Data block

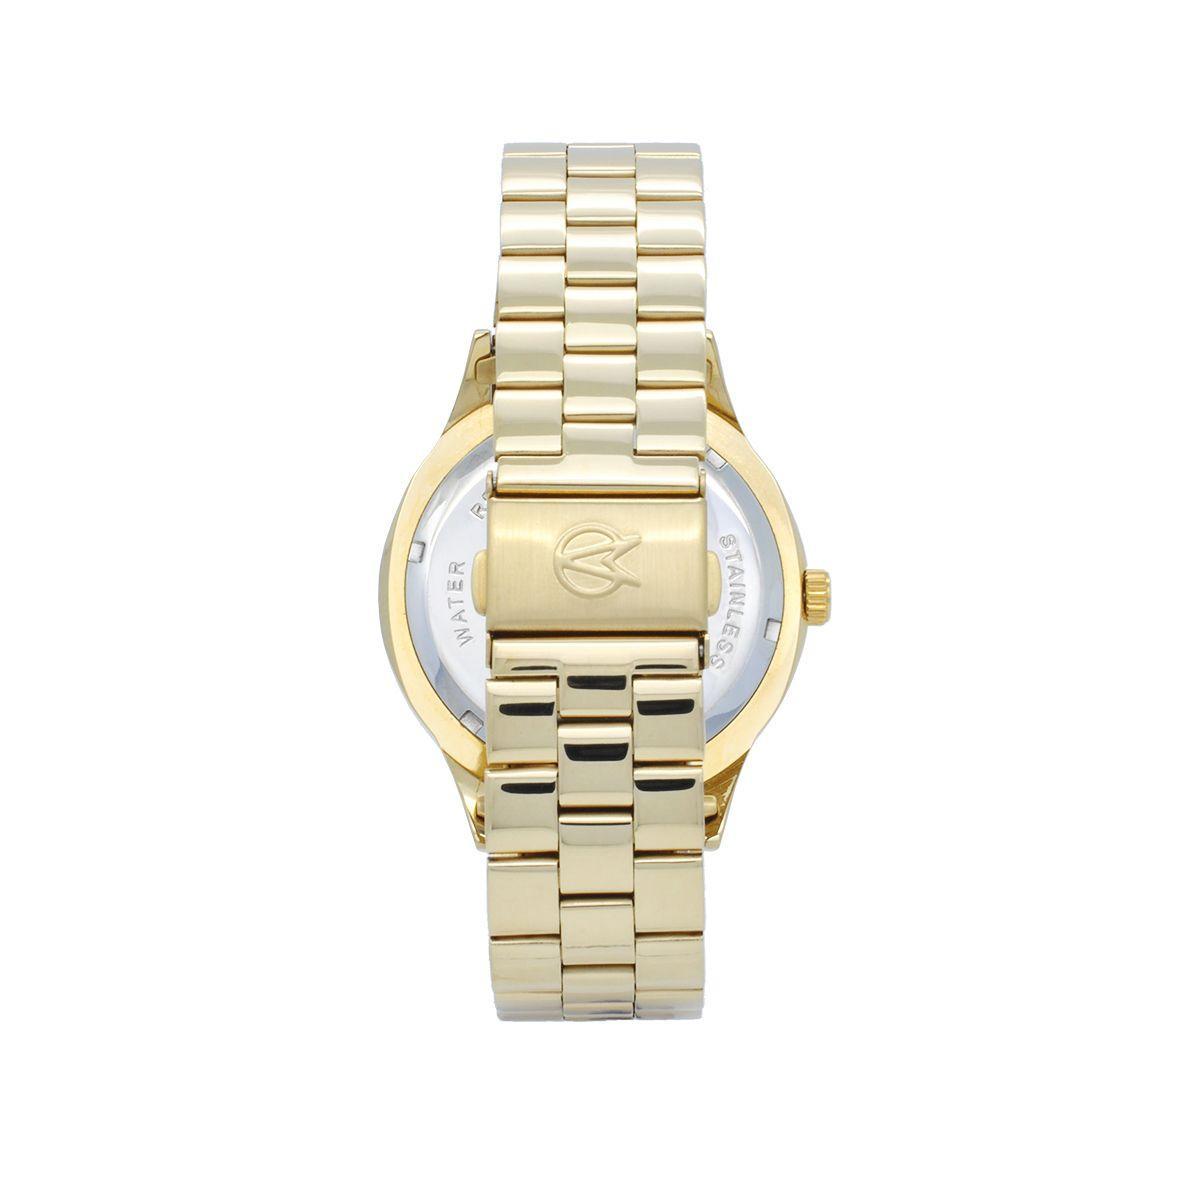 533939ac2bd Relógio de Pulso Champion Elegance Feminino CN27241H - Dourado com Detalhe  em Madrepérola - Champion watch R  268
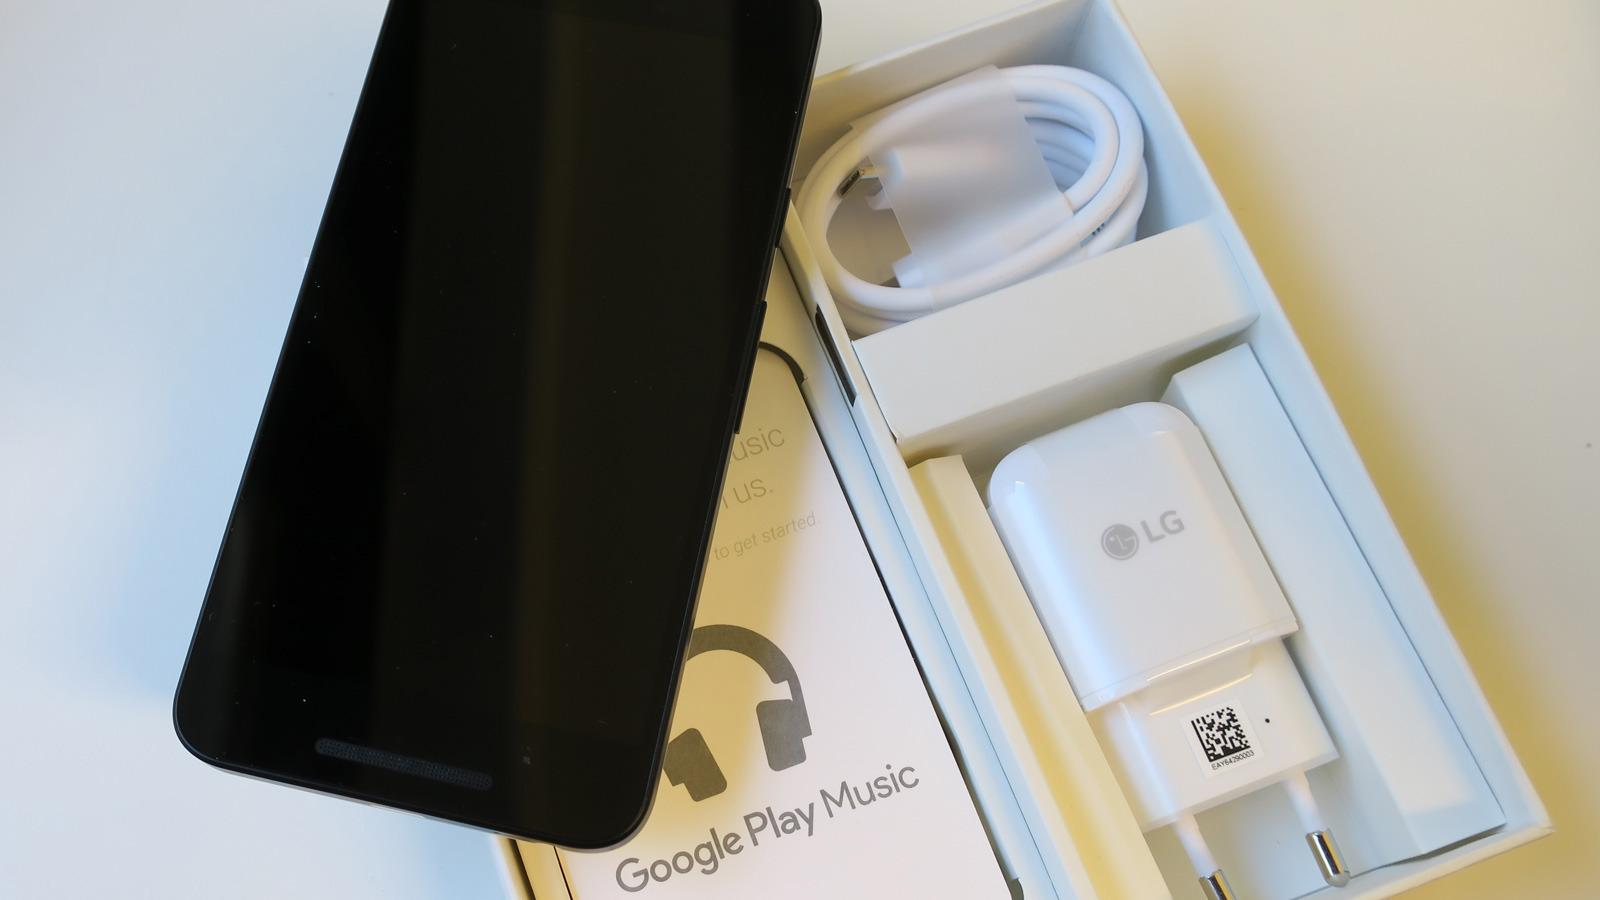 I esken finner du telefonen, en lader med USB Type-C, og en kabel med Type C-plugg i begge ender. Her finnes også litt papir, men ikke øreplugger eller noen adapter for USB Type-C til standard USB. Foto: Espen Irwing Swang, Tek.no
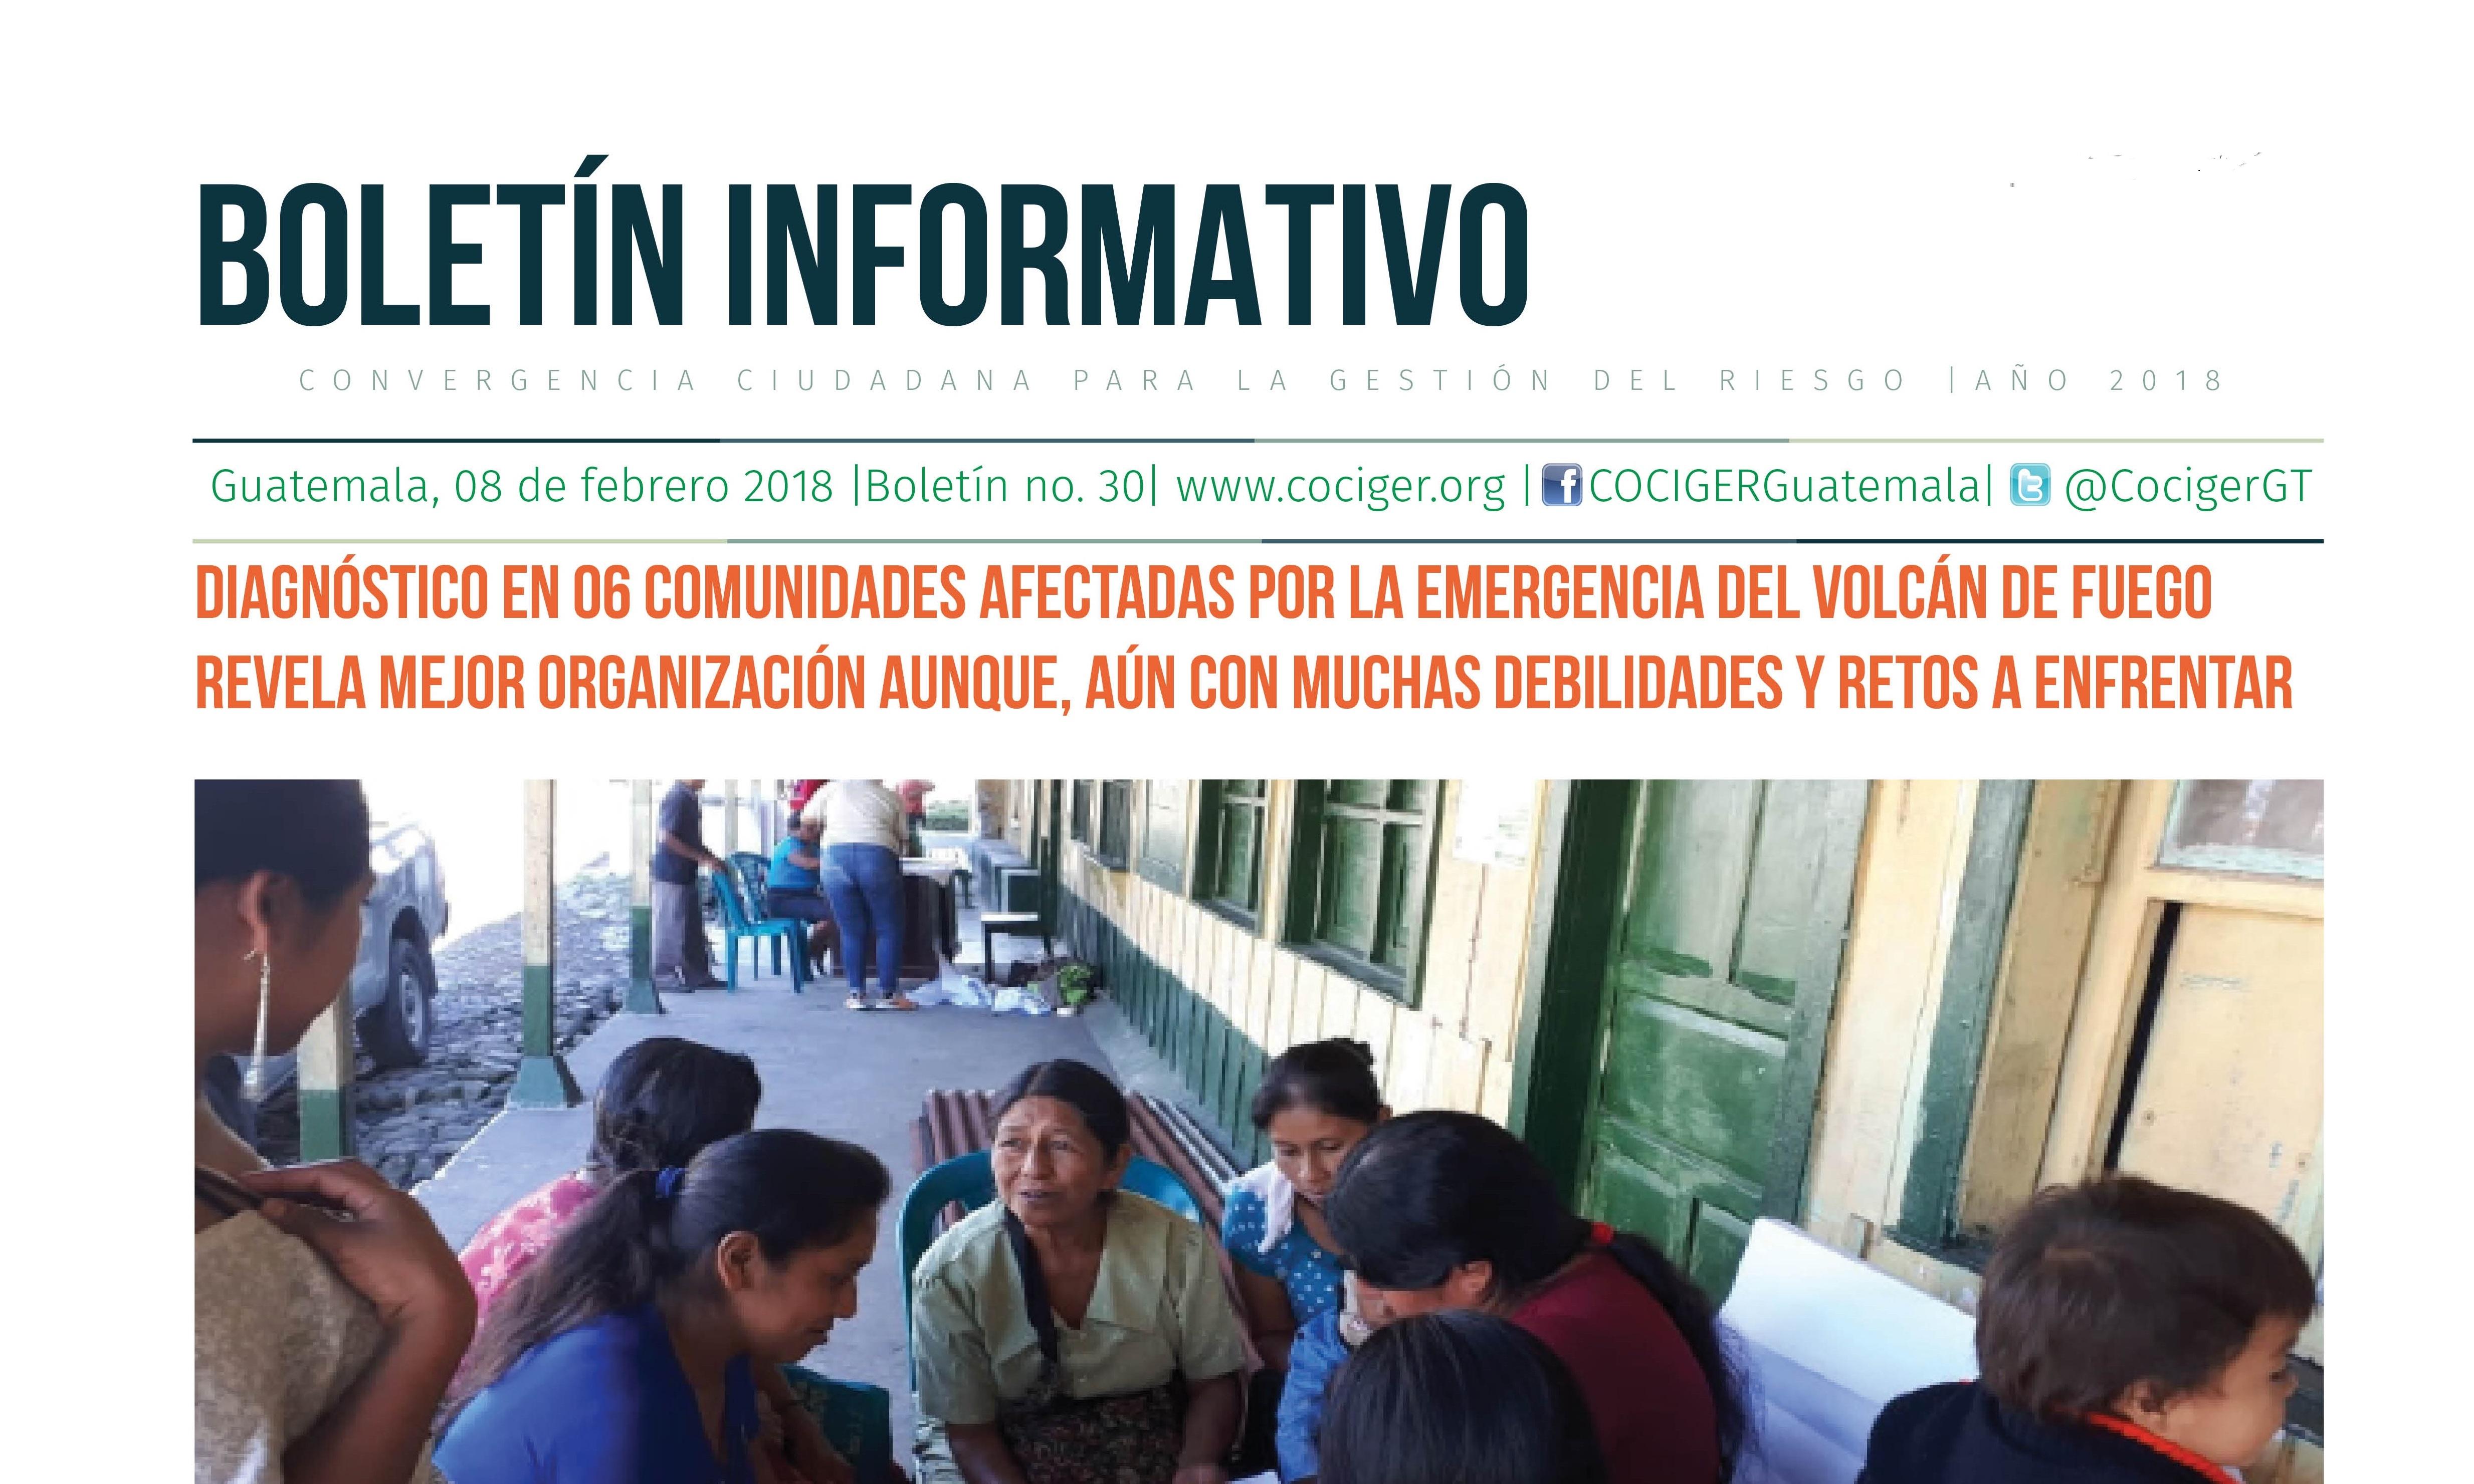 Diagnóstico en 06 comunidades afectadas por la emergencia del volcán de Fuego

Requirement
With the pictures removed, return the listing above in its exact original wording.

Expected answer
 533939ac2bd Relógio de Pulso Champion Elegance Feminino CN27241H - Dourado com Detalhe  em Madrepérola - Champion watch R  268
 I esken finner du telefonen, en lader med USB Type-C, og en kabel med Type C-plugg i begge ender. Her finnes også litt papir, men ikke øreplugger eller noen adapter for USB Type-C til standard USB. Foto: Espen Irwing Swang, Tek.no
 Diagnóstico en 06 comunidades afectadas por la emergencia del volcán de Fuego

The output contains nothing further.